§ **PROBLEM TO WORK ON**
From the line containing "Survivor.io apk installing" through the last line of the entries below, transcribe each line exactly, excluding any picture.

[Items from a dataset]
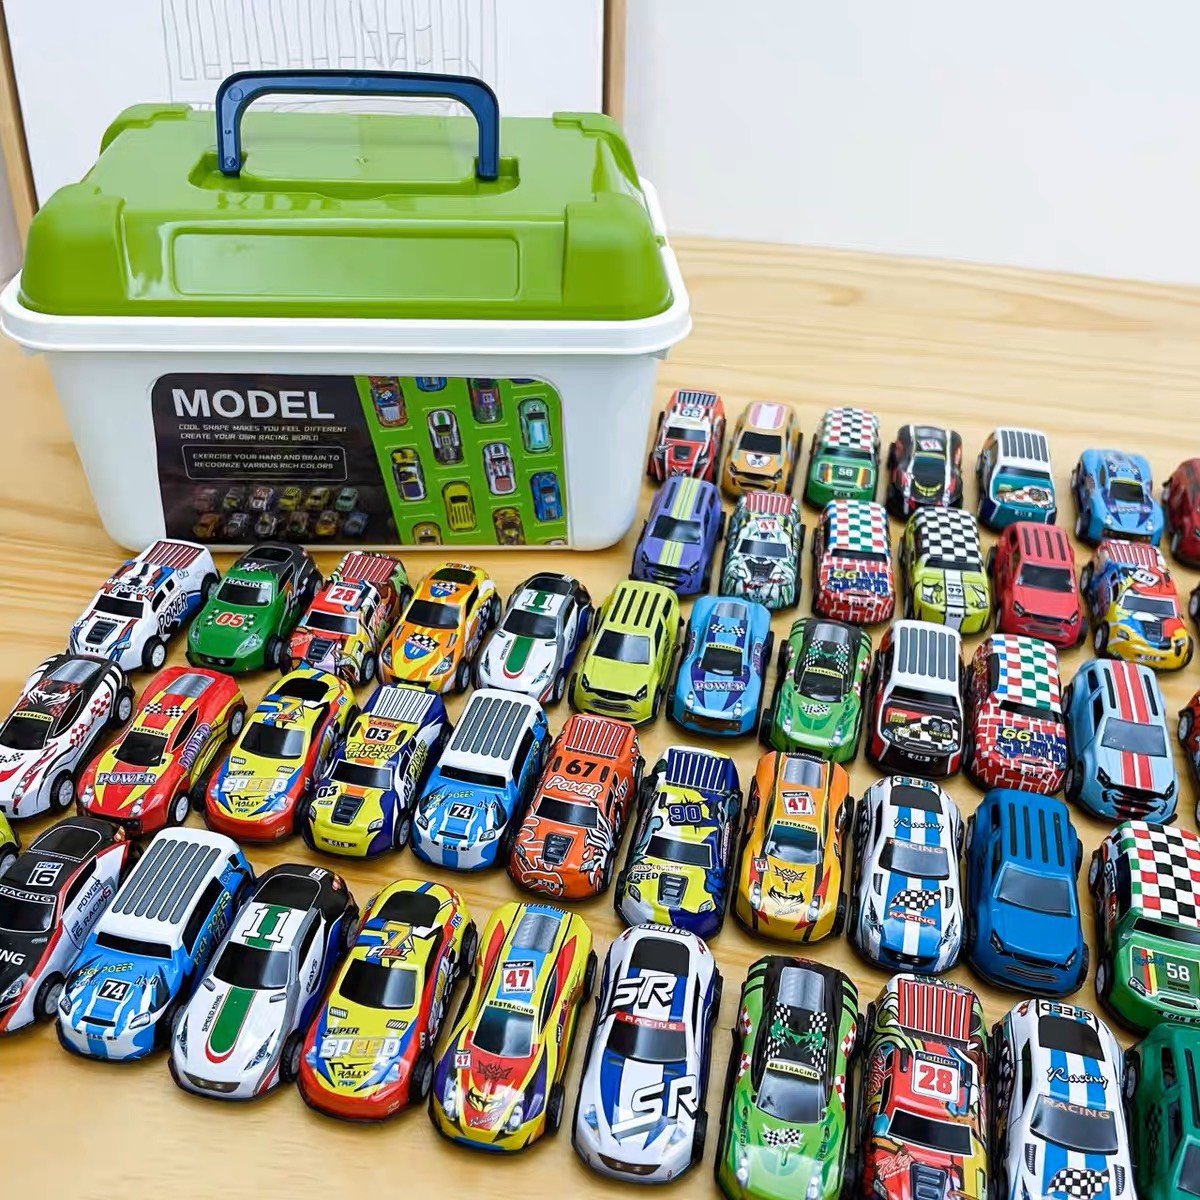 Bộ sưu tầm mô hình trang trí 30 chiếc ô tô mini phong cách thể thao cực chất cho bé trai và bé gái - Hộp 30 ô tô mạ sắt siêu bền chạy cót thế hệ mới kèm hộp đựng cất gọn
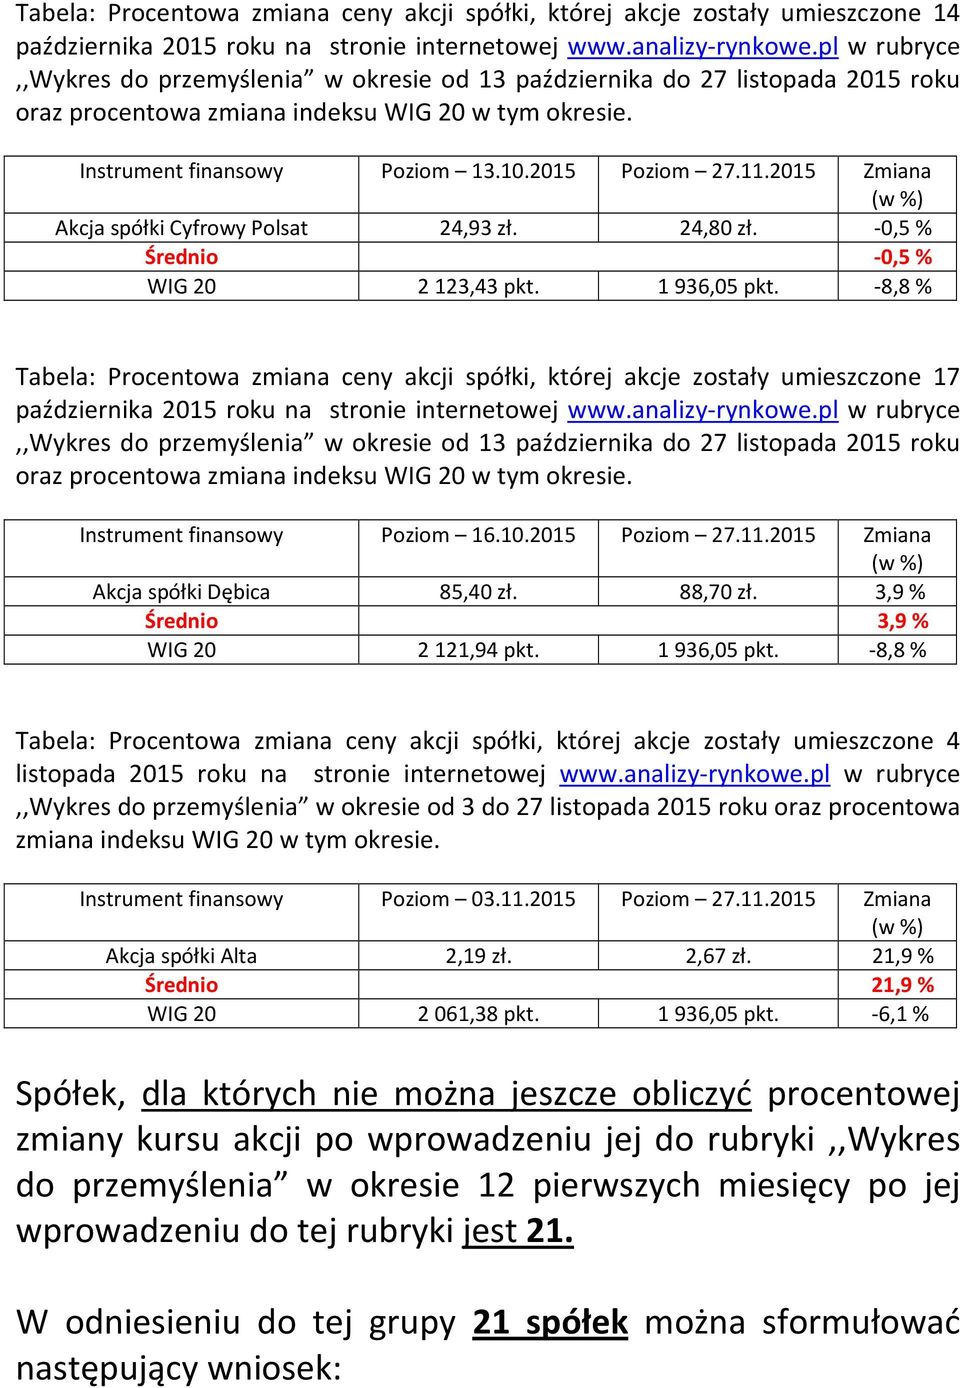 2015 Zmiana Akcja spółki Cyfrowy Polsat 24,93 zł. 24,80 zł. -0,5% Średnio -0,5% WIG 20 2123,43 pkt. 1936,05 pkt.
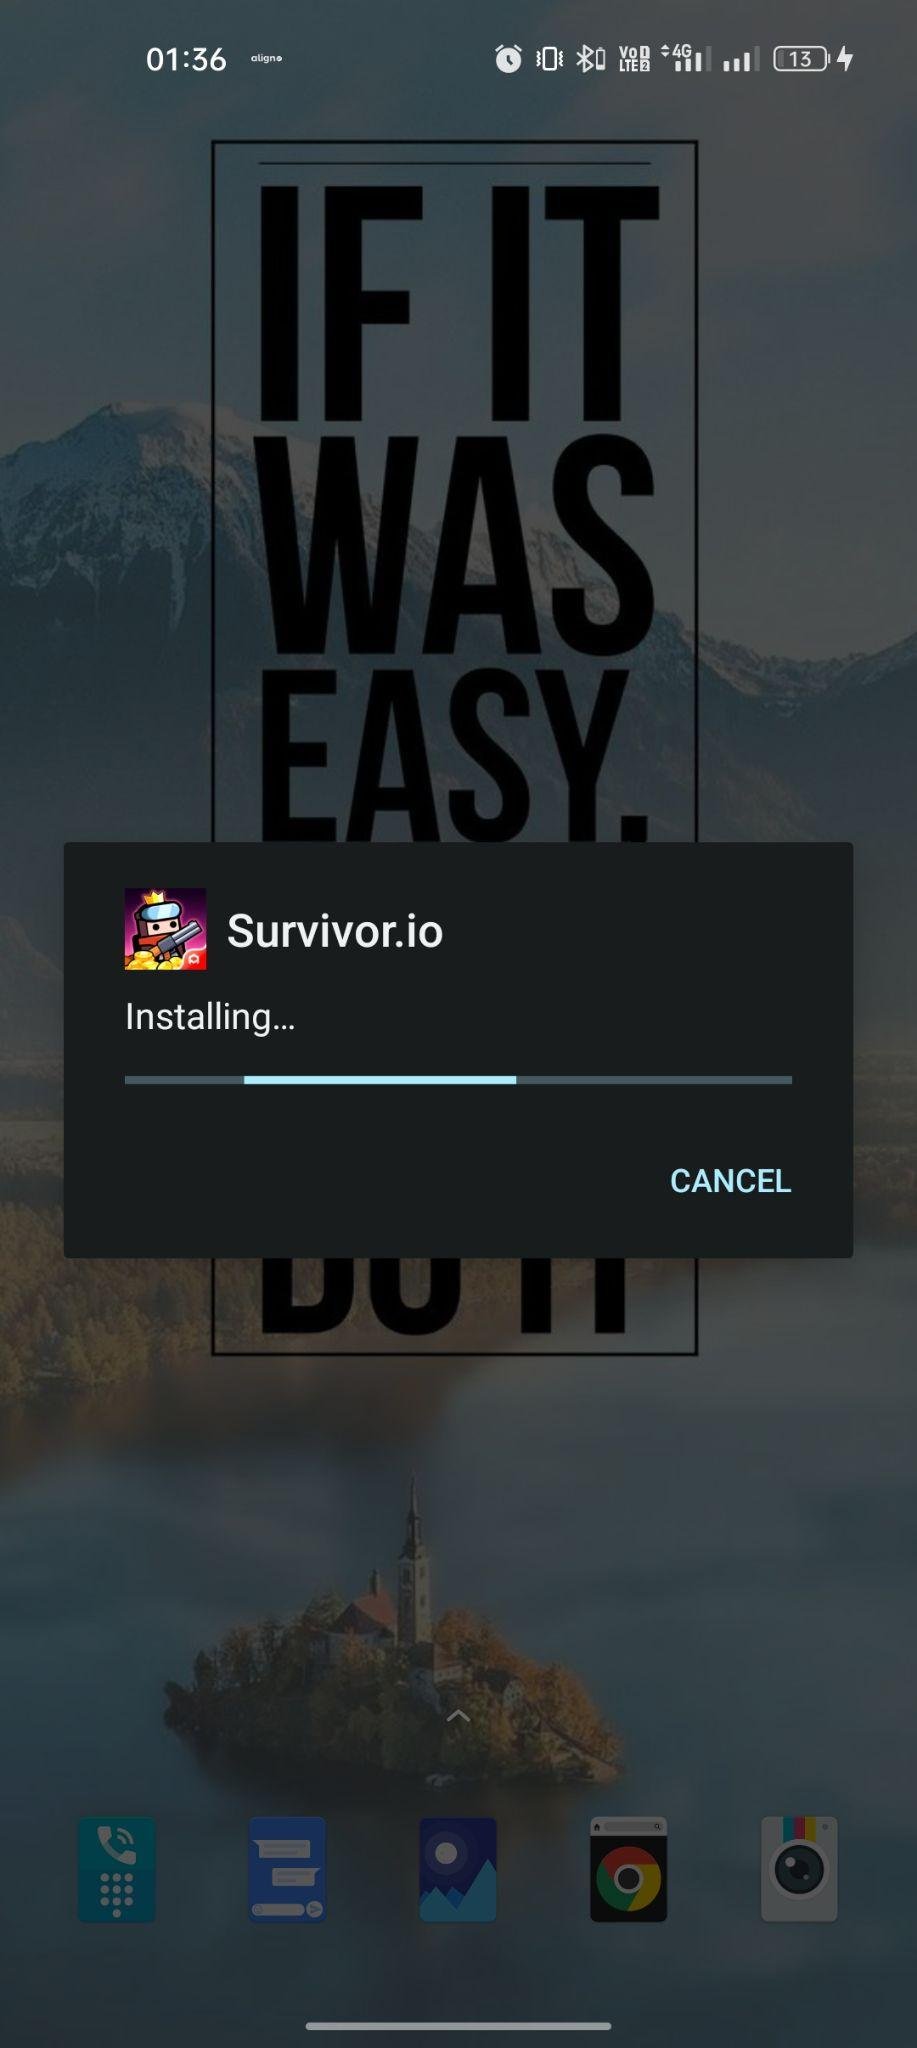 Survivor.io apk installing
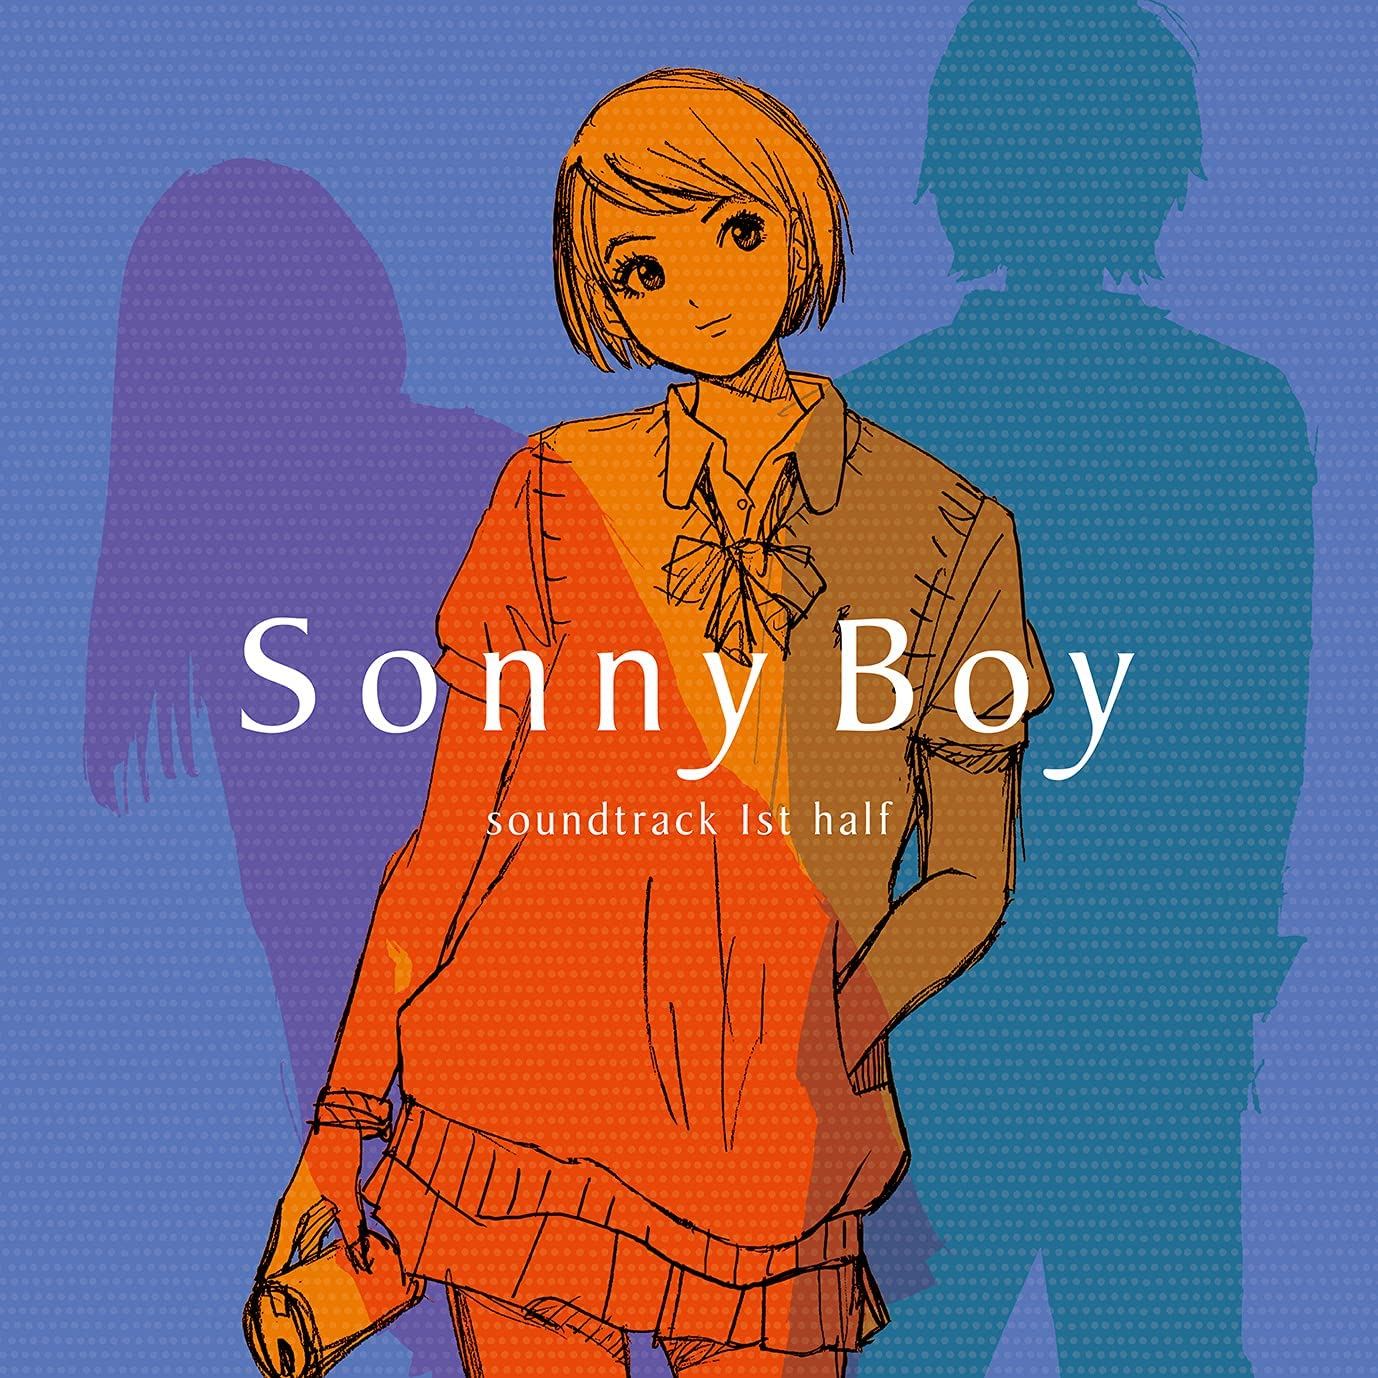 Anime Soundtrack Sonny Boy Anime Soundtrack 1st Half Limited Edition Vinyl Various Artists
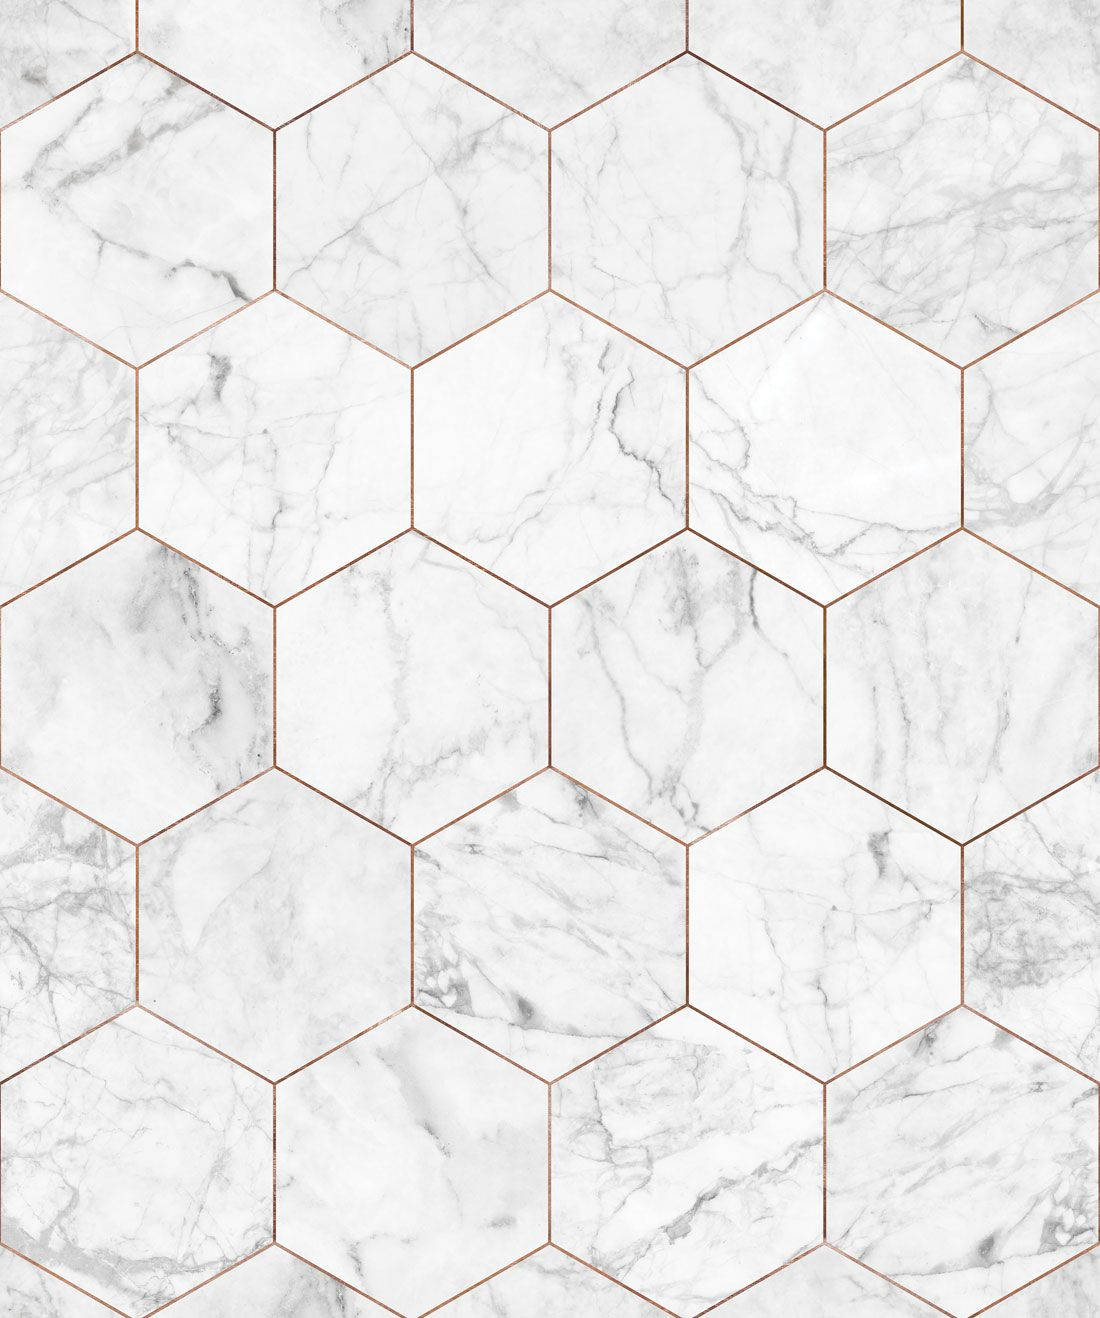 Hexagons On White Marble Wallpaper

§ **EXERCISE RESPONSE**
 Survivor.io apk installing
 Anime Soundtrack Sonny Boy Anime Soundtrack 1st Half Limited Edition Vinyl Various Artists
 Hexagons On White Marble Wallpaper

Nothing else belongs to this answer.